Ramush Haradinaj by William Langewiesche in Vanity Fair

flipper58 RSS / 28.11.2008. u 01:16

William Langewisch: "Ramush had to be acquitted because of the nature of the prosecution, which was inadequate... Whether he was as criminal or not is largely a definitional issue. The question is: according to whose laws?" Langewiesche is currently working on a book about the slow erosion of the nation-state as an organizing principle in the world.(sic)


Ramush Haradinaj—Kosovo independence fighter and former prime minister, recently acquitted of war crimes—with his father, Hilmi.

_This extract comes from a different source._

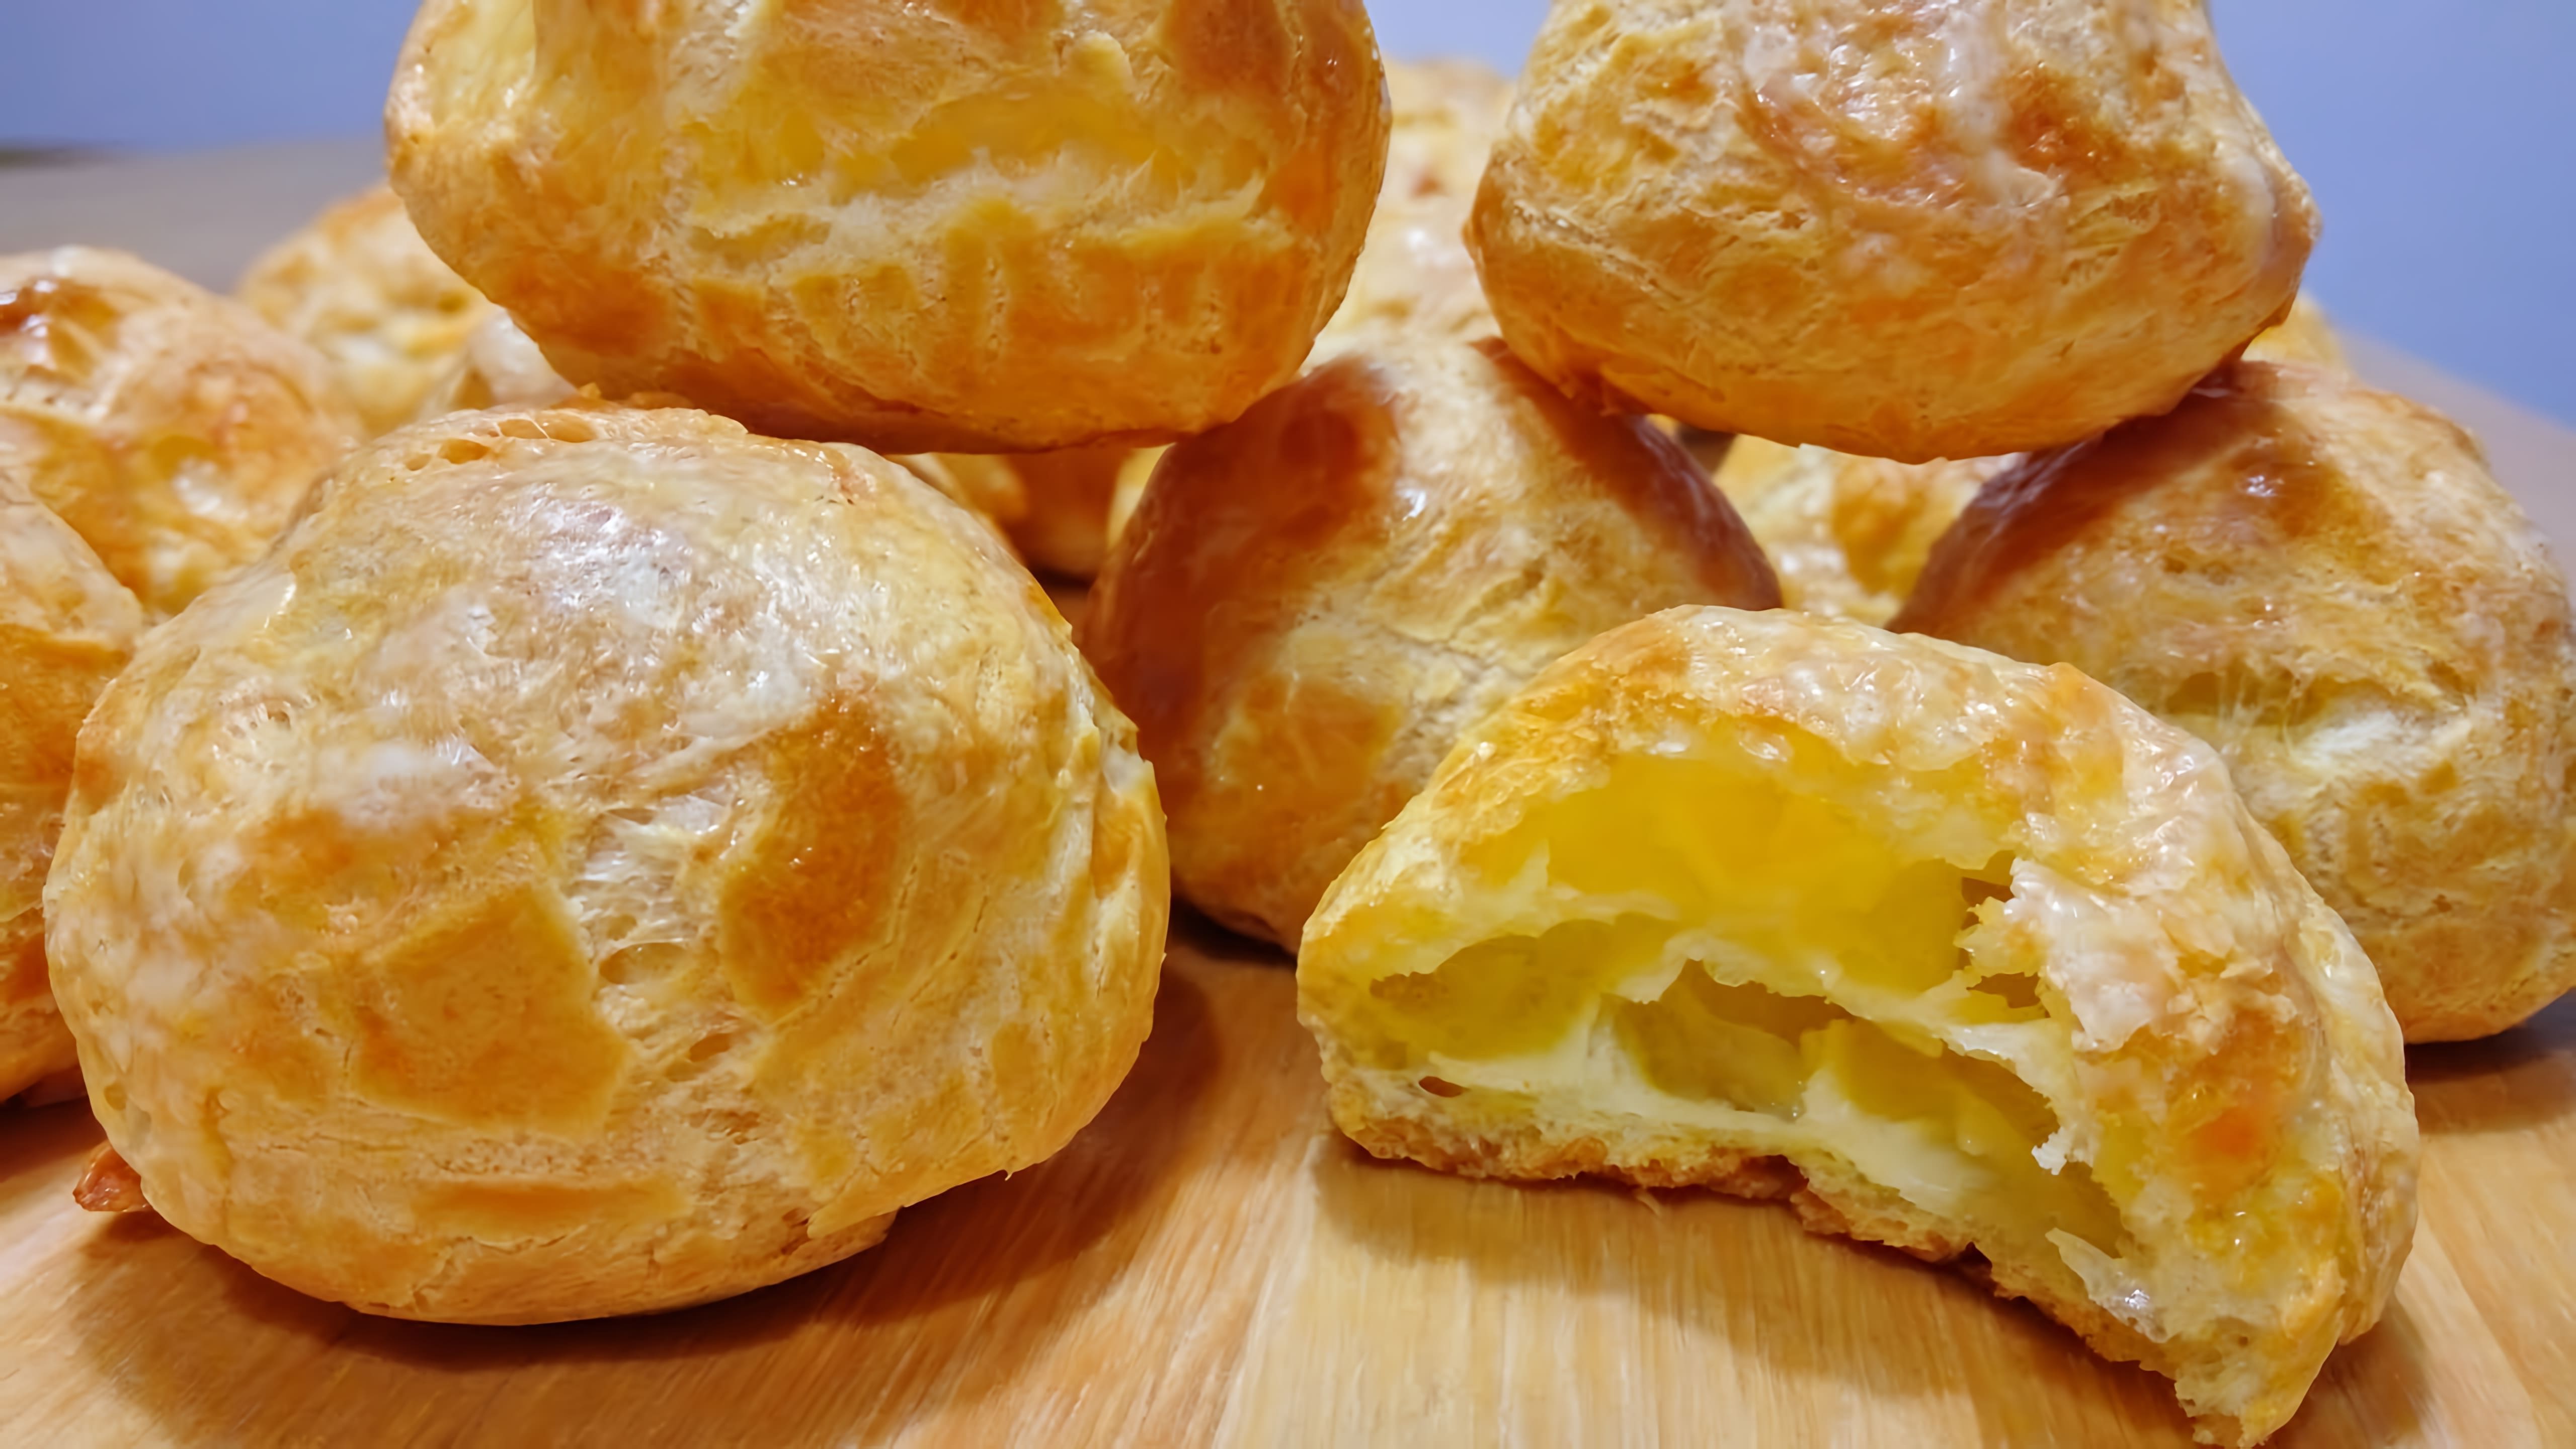 В данном видео демонстрируется процесс приготовления заварных булочек с сыром

Photograph by Jonas Karlsson.

House of War


After Ramush Haradinaj led Kosovo’s bloody fight for independence from Serbia, becoming provisional prime minister, he was tried for war crimes by the U.N. tribunal in The Hague. In a clash of 21st-century justice and 15th-century laws, Haradinaj came out the winner. by William Langewiesche December 2008

The head of the household has the right to occupy the chief place in the house, to possess his own weapons, to control the earnings of those who live in the house, to buy, sell, and alter the land, to give and take loans and enter into guarantees, to construct houses, to assign those in the house to work for free, to possess wine or raki, to punish those who live in the house when they do not behave in the interest of the household. —From the laws of the Kanun of Lekë Dukagjin (Kosovo, 15th century).

In the category of life’s little curiosities, consider the experience of the Austrian engineer who took the aisle seat directly in front of mine in the economy section of Austrian Airlines Flight 372—a small airliner that was loading before takeoff last spring for the morning’s run from Amsterdam to Vienna. The engineer had a thin, moralistic face, and short, gelled hair. He sat very straight with his head bent slightly forward, reading some industry paper and exuding rigidity even from behind. He wore an immaculate white shirt, cuffed around the wrists. The window seat beside him was empty, and surely he hoped to keep it that way. But after a while, among all the inbound passengers of the ordinary sort who fly in the mornings between European capitals, an exception advanced up the aisle and stopped with an apologetic smile to indicate the empty seat. He had the body of a wrestler, and a long thick face, with a mouth slightly open and a protruding lower lip. He wore a blue suit with an open-necked shirt. It was Ramush Haradinaj, an ethnic Albanian and guerrilla commander in the Kosovo war, who the previous day, after three years of process, had been acquitted of war crimes at the United Nations tribunal for the former Yugoslavia, in The Hague.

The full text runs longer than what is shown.